A. explained that consulting with his traditional marabout does not require a history of symptoms.  Instead, the marabout takes one of your hands, pauses to reflect, then places his hands about your solar plexus, pauses again, as if listening/reflecting/scanning, then relates your condition.  He knows what's going on, A. related, without explanation.

I asked A. how he became a Baye Fall.  

(Ibra Fall was a disciple of Amadou Bamba, founder of the Mouride Brotherhood.  Fall was known for his dedication to God, and considered work as a form of adoration.  He founded a sub-group of the Mouride called the Baye Fall, many of whom substitute hard work and dedication to their marabout for the usual Muslim observances of prayer and fasting.) 

A. explained that his brother had become a Baye Fall, and A. was introduced to his marabout through his brother.  He eventually joined the sect and became a disciple in his late teens.

A. explained that when in the presence of his Mouride marabout, A. lowers to his knees in a gesture of reverence.  If he should meet the marabout on the street, A. is to extend a hand and offer a gift, again, as a symbol of reverence and devotion.   A. confided that his marabout has an energetic presence:  encounters set his chest vibrating, and he carries a heightened energy around in the aftermath.

A. explained that my meeting and consulting with both his traditional marabout and his Mouride marabout was entirely possible.  In addition, A. invited me to join him for the annual pilgrimage to the Mouride holy city of Touba in February, where the sect's founder, Amadou Bamba, is buried.  He thought I would find the experience eye opening, as when disciples entered ecstatic, highly charged spiritual states.  Unlike the Haj to Mecca, where pilgrims reside in hotels and dine in restaurants, pilgrims attending the grand magal would be fed and lodged by local residents.  
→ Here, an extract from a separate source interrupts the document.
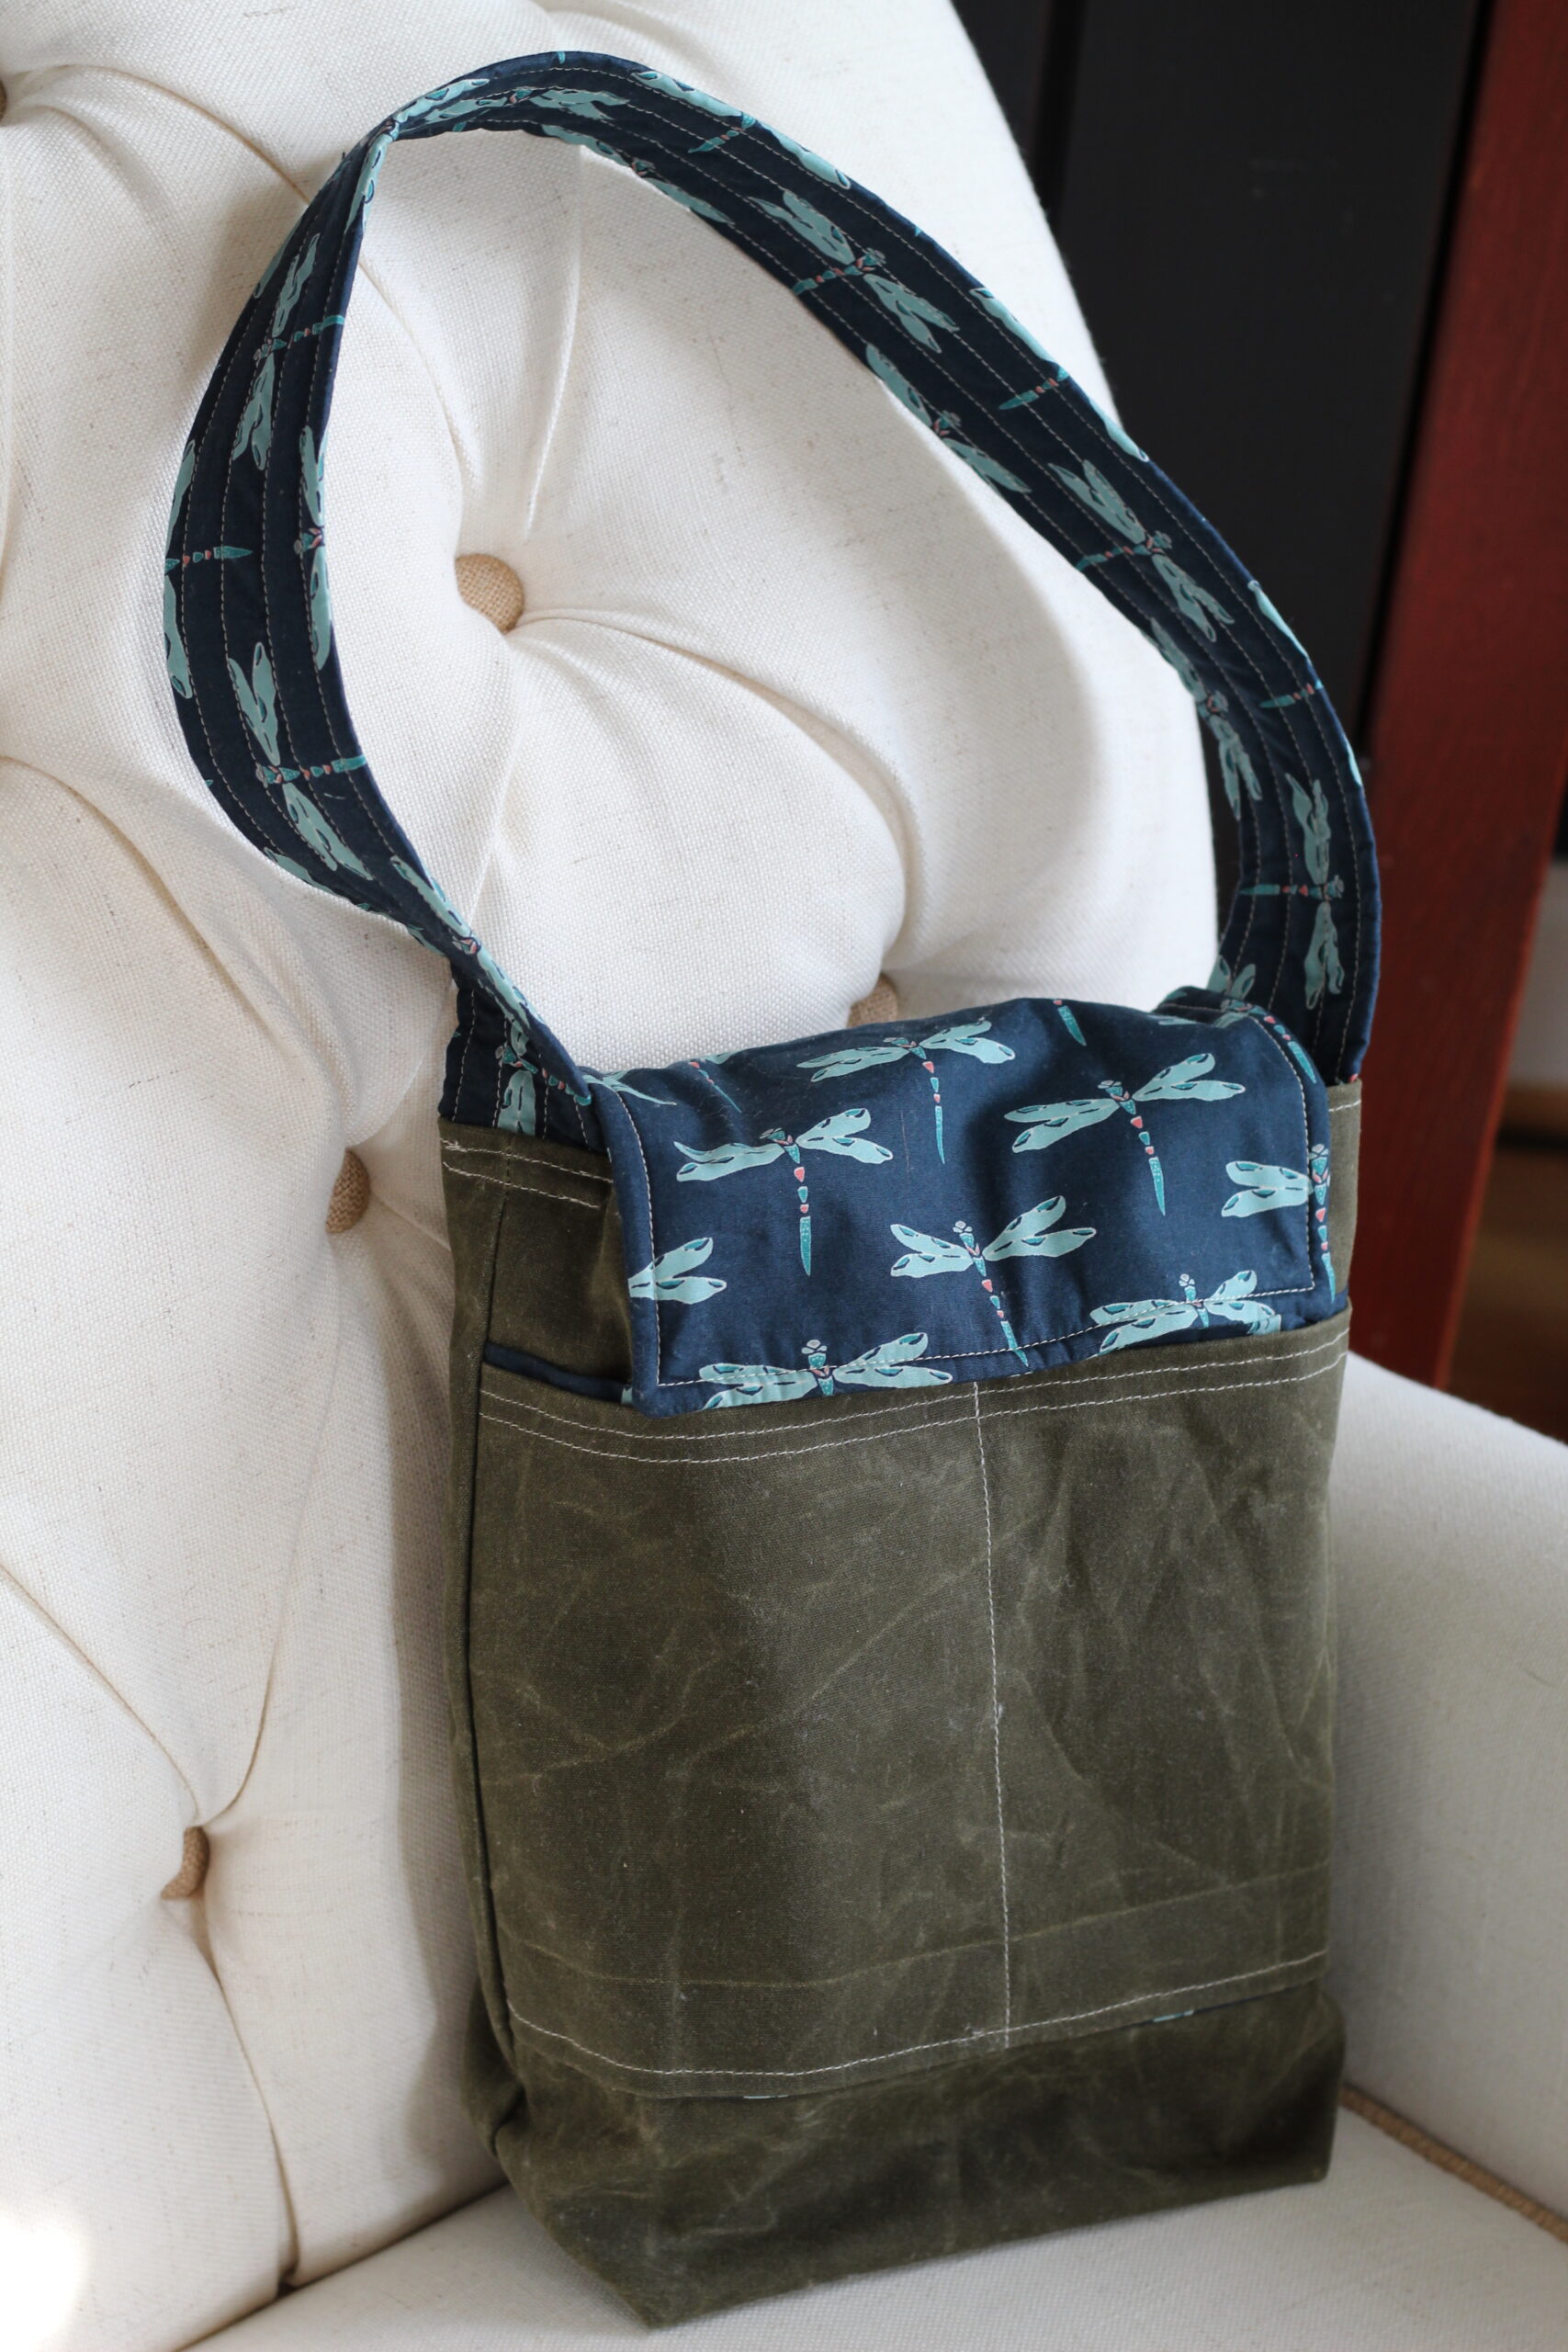 Sewspire Design Board #111020: How to sew a shoulder bag

After lunch, our group drove to explore a series of fetish vendors in the Medine district, where you find tables of animal skulls, strips of animal hide, antlers and horns, shells, all used for the making of gris-gris.  One young vendor claimed to be a marabout from Niger.  He sold ready-to-wear grigri, one for bad talk, one for virility, one to ward off attack.  He had a keyed padlock wrapped in hide.  If you wanted to seduce a particular honey pie, this lock could do it for you. Just whisper her name into the padlock, closed the lock, and voila, a good time assured. 

A. confided that he would not consult with these street side marabouts, of dubious skills and intents, but would purchase medicinal products from them.  

Several of us have an interest in returning to further catalogue their materials -- what they are and how they're used.  

1 comment:

Anonymous said...

I am trying to figure out if your story is one of fiction or fact. The facts seems to correspond with what I know. I am seeking more information about Jinn and spiritual beings and how the ceremonies work thank you for providing me with a starting point.